Song Qingshi, estimant l’effet encore insuffisant, fabriqua également de fausses cicatrices de brûlure, qu’il colla sur son visage pour dissimuler le grain de beauté en forme de larme. Il lui fit revêtir des habits amples et en lambeaux, camouflant sa silhouette délicate, et lui couvrit la tête d’un vieux voile. Il acquit alors l’apparence d’un rustre venu de la campagne. Quant à lui-même, encore affaibli, son apparence était assez laide pour ne pas nécessiter de déguisement.

Il vendit tout ce qui pouvait l’être, acheta une petite bourse dimensionnelle, y rangea son fourneau d’alchimie, puis alla commander chez un forgeron une attelle du tigre utilisée par les médecins ambulants. Le forgeron observa ses croquis, puis lui montra un modèle réalisé sur commande mais jamais récupéré. Il le lui vendit à bas prix.

Song Qingshi, en le recevant, resta figé.

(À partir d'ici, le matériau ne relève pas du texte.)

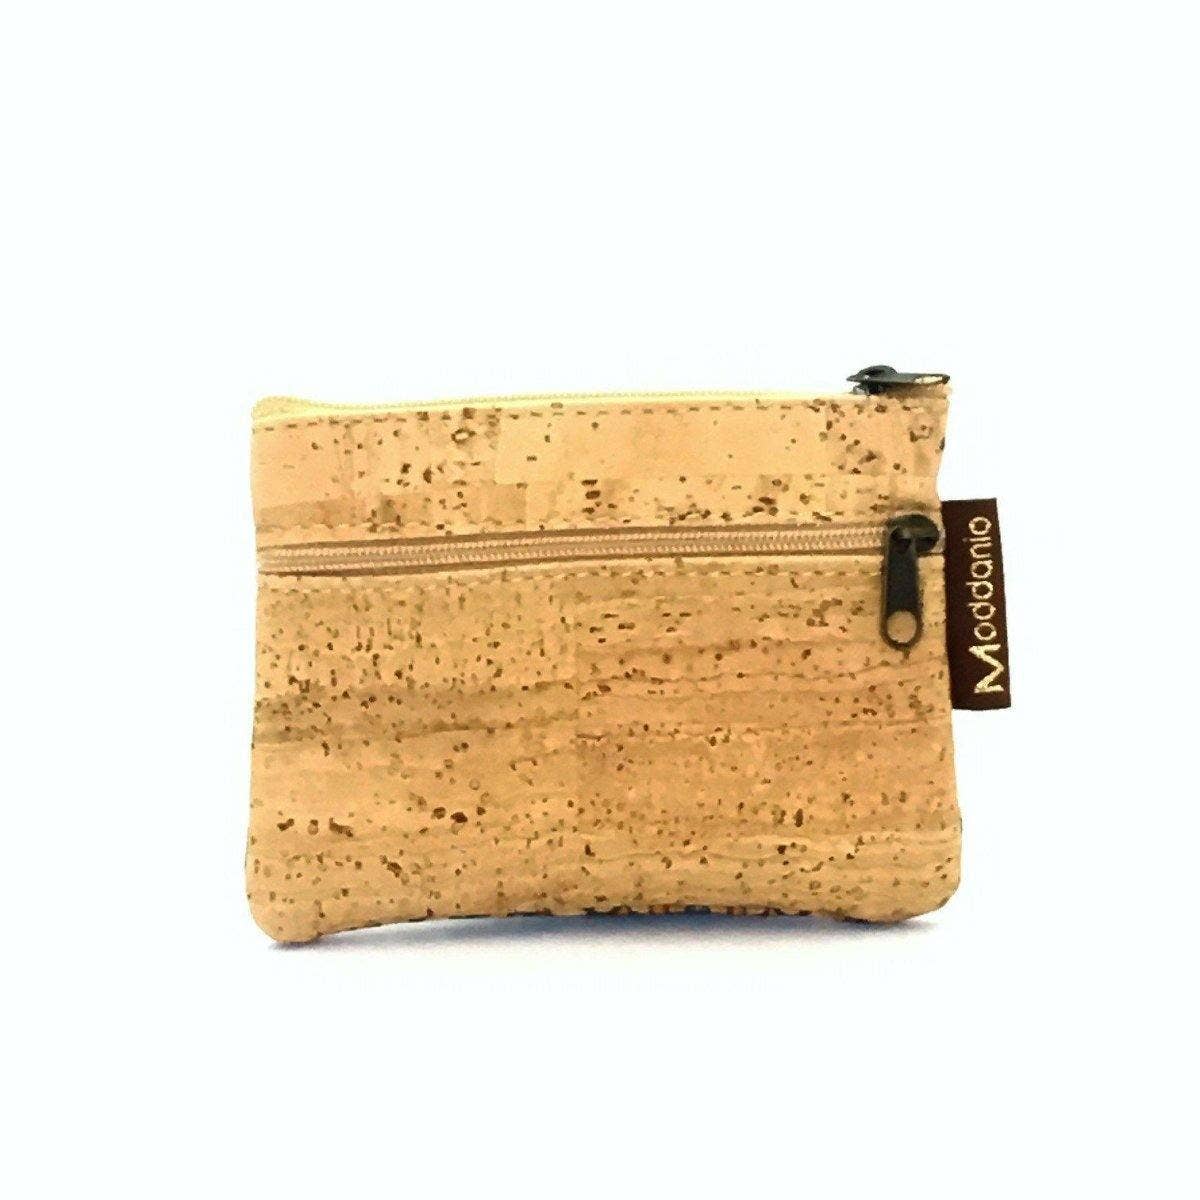 Cork Coin Purse and Vegan Change Pouch in blue and deep orange pattern

Sa forme et sa taille ressemblaient étrangement à l’ attelle du tigre utilisée par le Maître épéiste Mo Yuan, mais elle était toute neuve, brillante, sans inscriptions ni formation complexe.

Peut-être… ces attelles du tigre s avaient-elles toutes un format similaire ?

Song Qingshi secoua le petit grelot suspendu à l’attelle, vérifia que le son était clair et sonore, puis cessa d’y réfléchir.

Il rassembla ses affaires, prit l’attelle d’une main, et de l’autre, il saisit celle de Wuhuan.

Ainsi commença leur périple.

Ils traversèrent villages anciens et petites cités, sillonnèrent ruelles et avenues. En tant que médecins itinérants, ils rencontraient surtout des gens modestes. Song Qingshi soignait les malades, tandis que Wuhuan assurait la communication. Parfois, ils croisaient des lettrés : ils ne leur demandaient rien, mais sollicitaient leur aide pour apprendre à Wuhuan quelques caractères. S’ils croisaient des menuisiers, ils leur demandaient de graver deux ou trois ouvrages.

Ils rencontrèrent beaucoup de gens intéressants, vécurent nombre d’aventures plaisantes, mais aussi des dangers et des ennuis.

Le printemps laissa place à l’hiver, la chaleur succéda au froid.

Un jour, Wuhuan atteignit enfin le stade de la construction de la Fondation.

Lorsqu’il se retourna soudain sur le passé, il constata que dix années s’étaient écoulées, dans un souffle…

Le garçon muet avait grandi, mais sa douceur demeurait intacte, tout comme ce parfum subtil de plantes médicinales.

Ensemble, ils avaient fait tinter leur grelot à travers montagnes et rivières, bravé mille périls, exploré les merveilles du monde.

Et pourtant, peu importe les lieux qu’ils traversaient, les épreuves qu’ils affrontaient, les événements qu’ils vivaient…

Cette main, qui tenait fermement la sienne, ne l’avait jamais lâchée.